1 - override the cli command of FOSUserBundle placed into Command/CreateUserCommand.php
2 - override the user create method of FOSUserBundle placed into Util/UserManipulator.php

// Command/CreateUserCommand.php
protected function execute(InputInterface $input, OutputInterface $output)
{
  $username   = $input->getArgument('username');
  $email      = $input->getArgument('email');
  $password   = $input->getArgument('password');
  $inactive   = $input->getOption('inactive');
  $superadmin = $input->getOption('super-admin');
  $latitude   = $input->getOption('latitude'); //this will be your own logic add

  $manipulator = $this->getContainer()->get('fos_user.util.user_manipulator');
  $manipulator->create($username, $password, $email, $latitude, !$inactive, $superadmin);

  $output->writeln(sprintf('Created user <comment>%s</comment>', $username));
}

and

// Util/UserManipulator.php
public function create($username, $password, $email, $latitude, $active, $superadmin)
{
  $user = $this->userManager->createUser();
  $user->setUsername($username);
  $user->setEmail($email);
  $user->setPlainPassword($password);
  $user->setEnabled((Boolean) $active);
  $user->setSuperAdmin((Boolean) $superadmin);
  $user->setLatitude($latitude);
  $this->userManager->updateUser($user);

  return $user;
 }

Of course when I say override i mean ... override :P So you haven't to modify FOSUserBundle original files (you know, it's dangerous for many reasons) but make your own files by making your bundle extended by FOSUserBundle

Are you wondering how to make your bundle extended by FOSUserBundle?

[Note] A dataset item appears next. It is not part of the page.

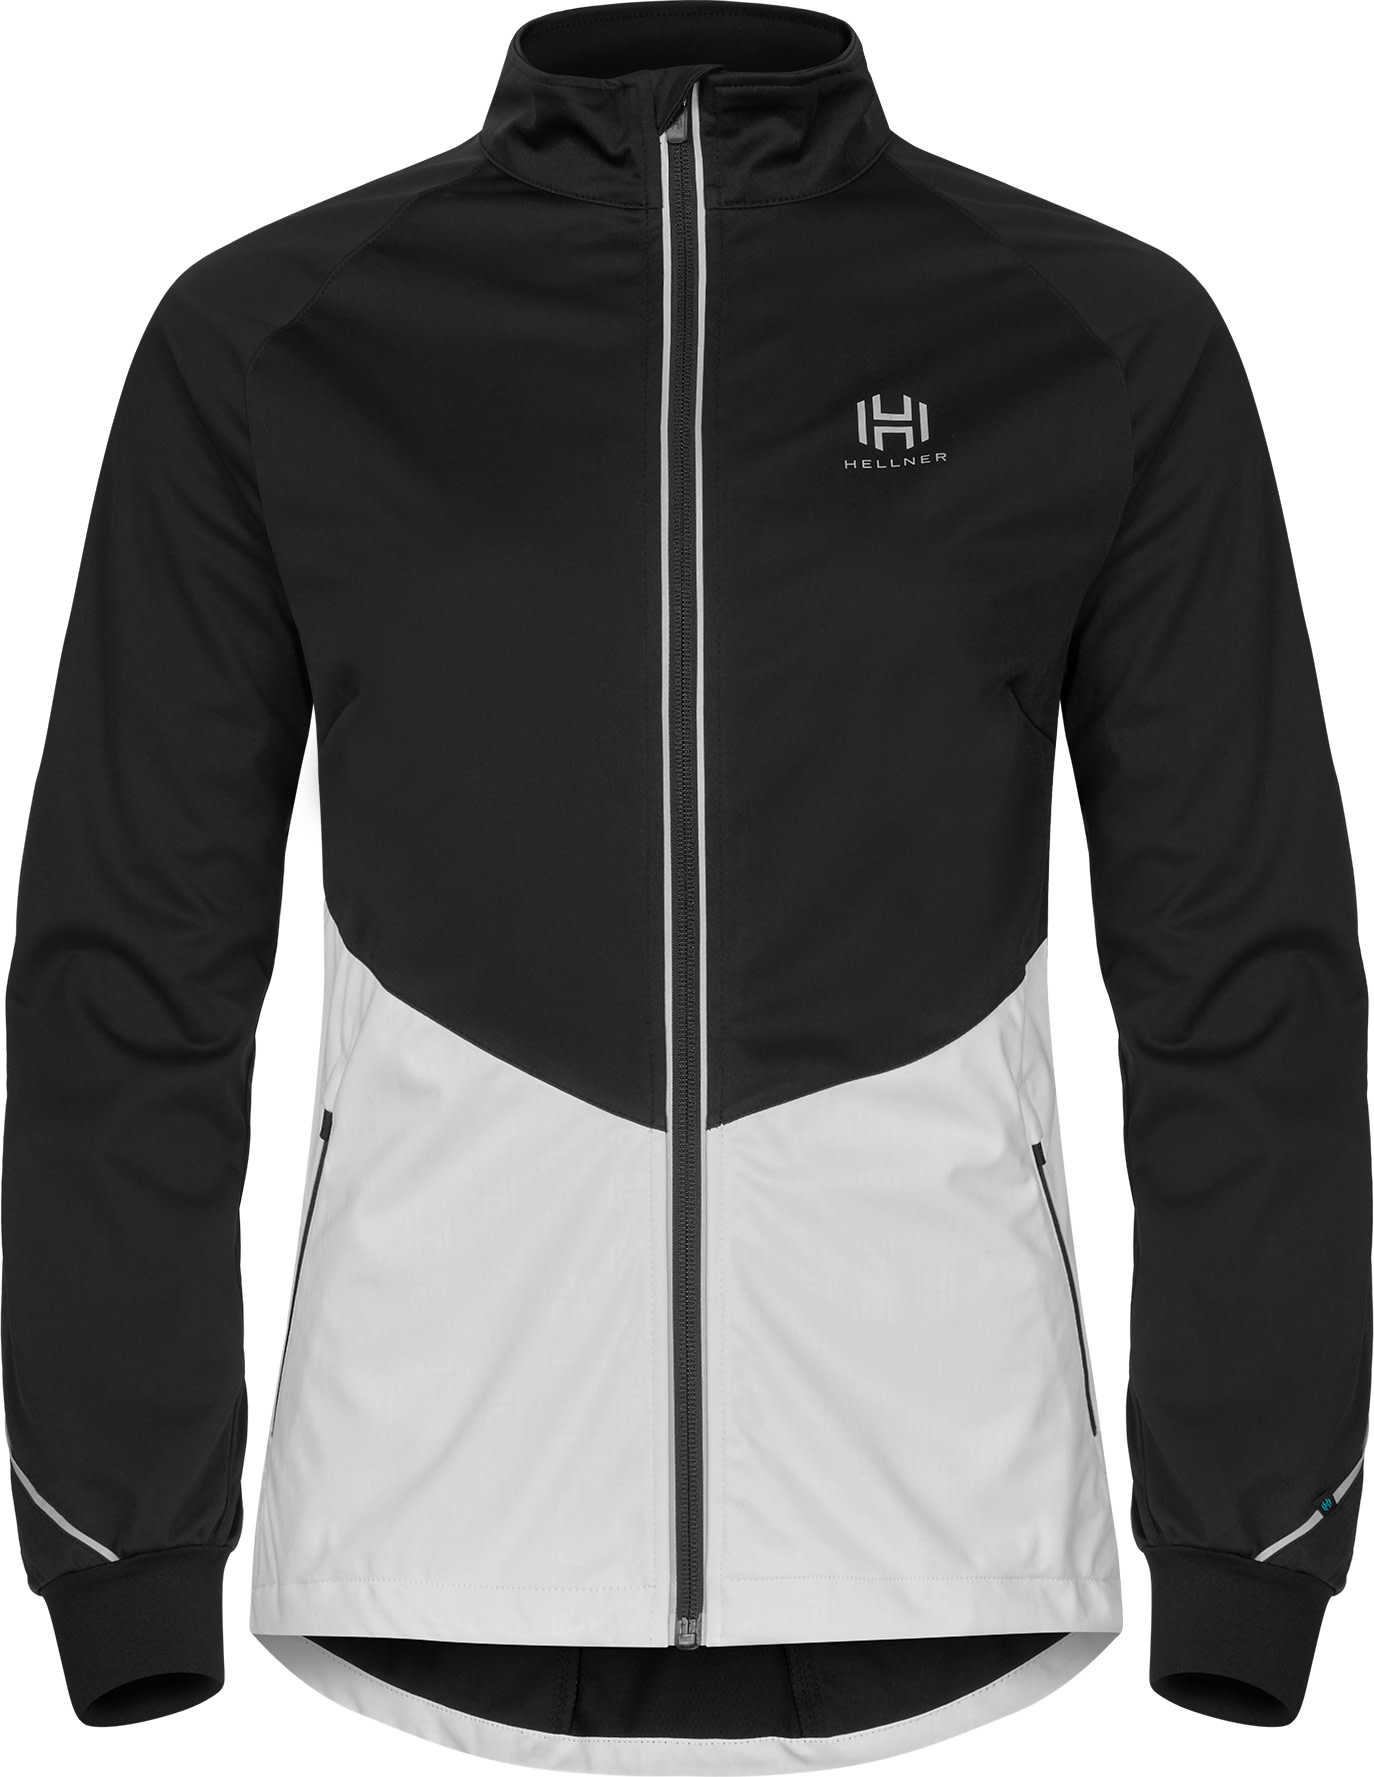 Hellner Women’s Suola XC Ski Jacket Black/White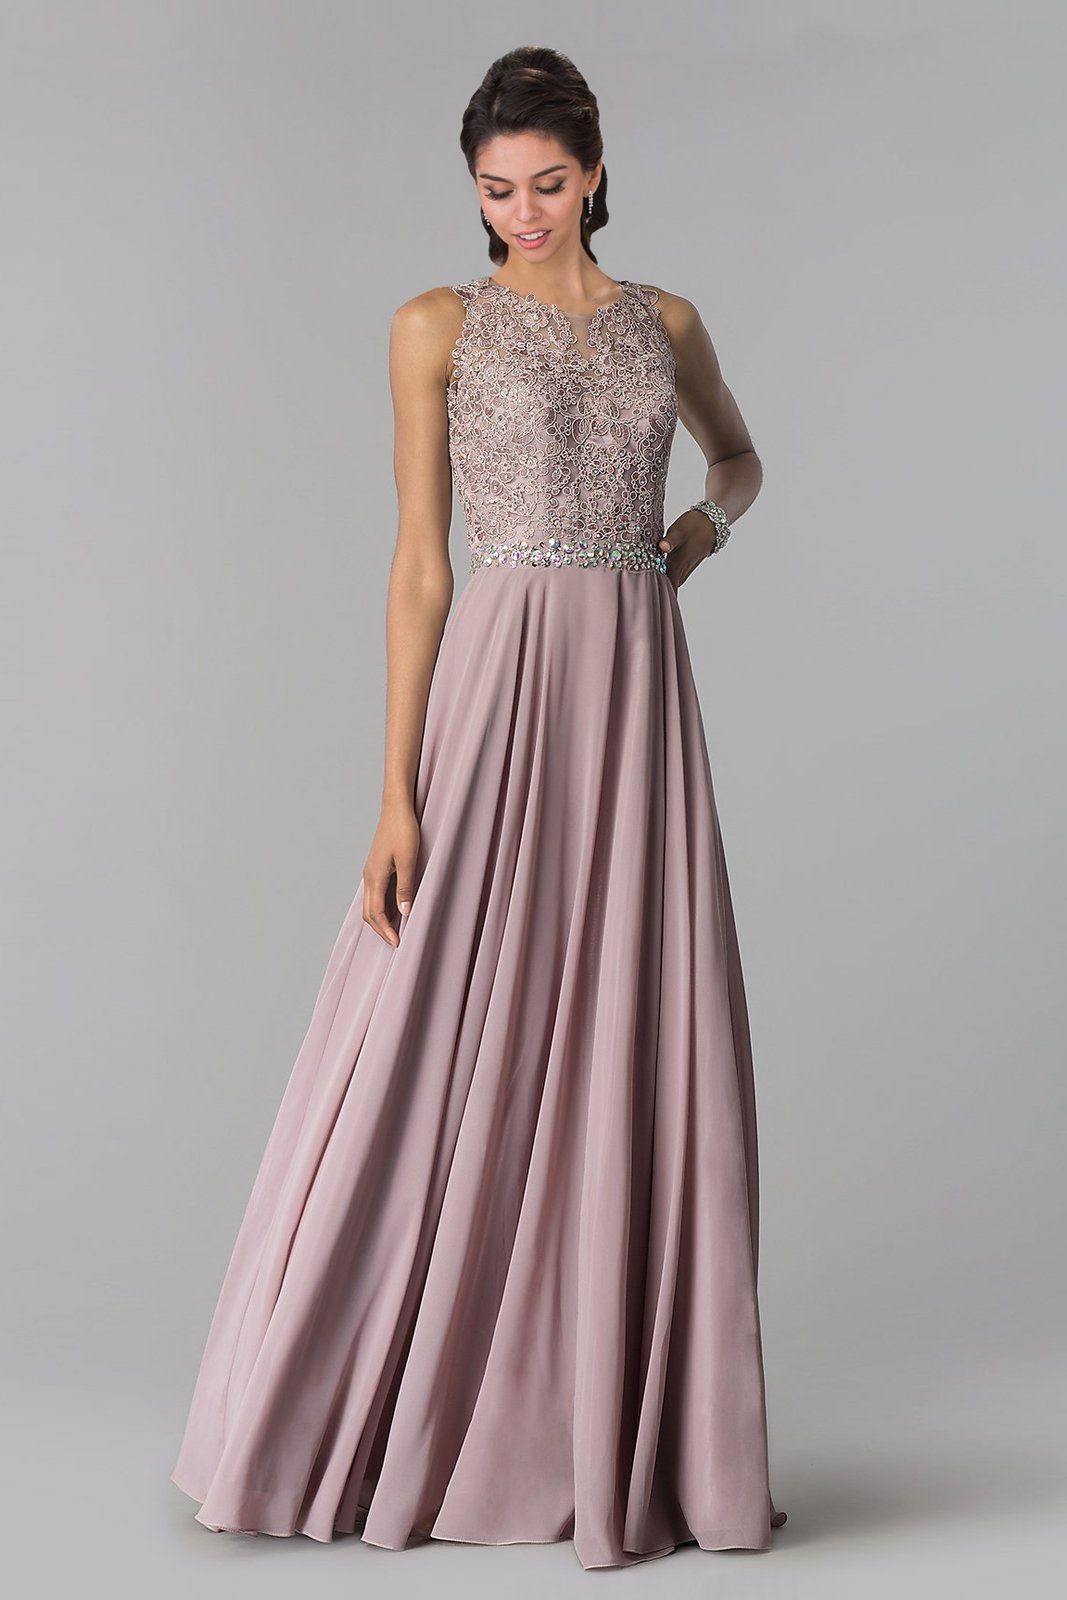 Navy Long Lace Appliqued Chiffon Dress by Elizabeth K GL2417-Long Formal Dresses-ABC Fashion

Into your bundle "mainfile" - is the one you use to register your bundle - just add this lines

public function getParent()
{
  return 'FOSUserBundle';
}

Then you simply recreate the tree structure where your ovverride files lives into original bundle, into your custom bundle's Resources/ directory (same position, same file name, same annotations if any) and .... the magic can start :) (this is valid only for views, please pay attention!)

What "override" means?

Override means that you take an existent function, "shadow" it by redefining elsewhere (declare a function with the same name, no matter how many parameters it accept, no matter the type of paramenters since php doesn't support method overloading [except if you do some "hack"]) and then you can use it instead of the original one. This is a common technique for add extra functionalities to a function or to change the function itself.
Say that we have two classes, A and B with B that is a child class of A. Say also that A have a method called myMethod().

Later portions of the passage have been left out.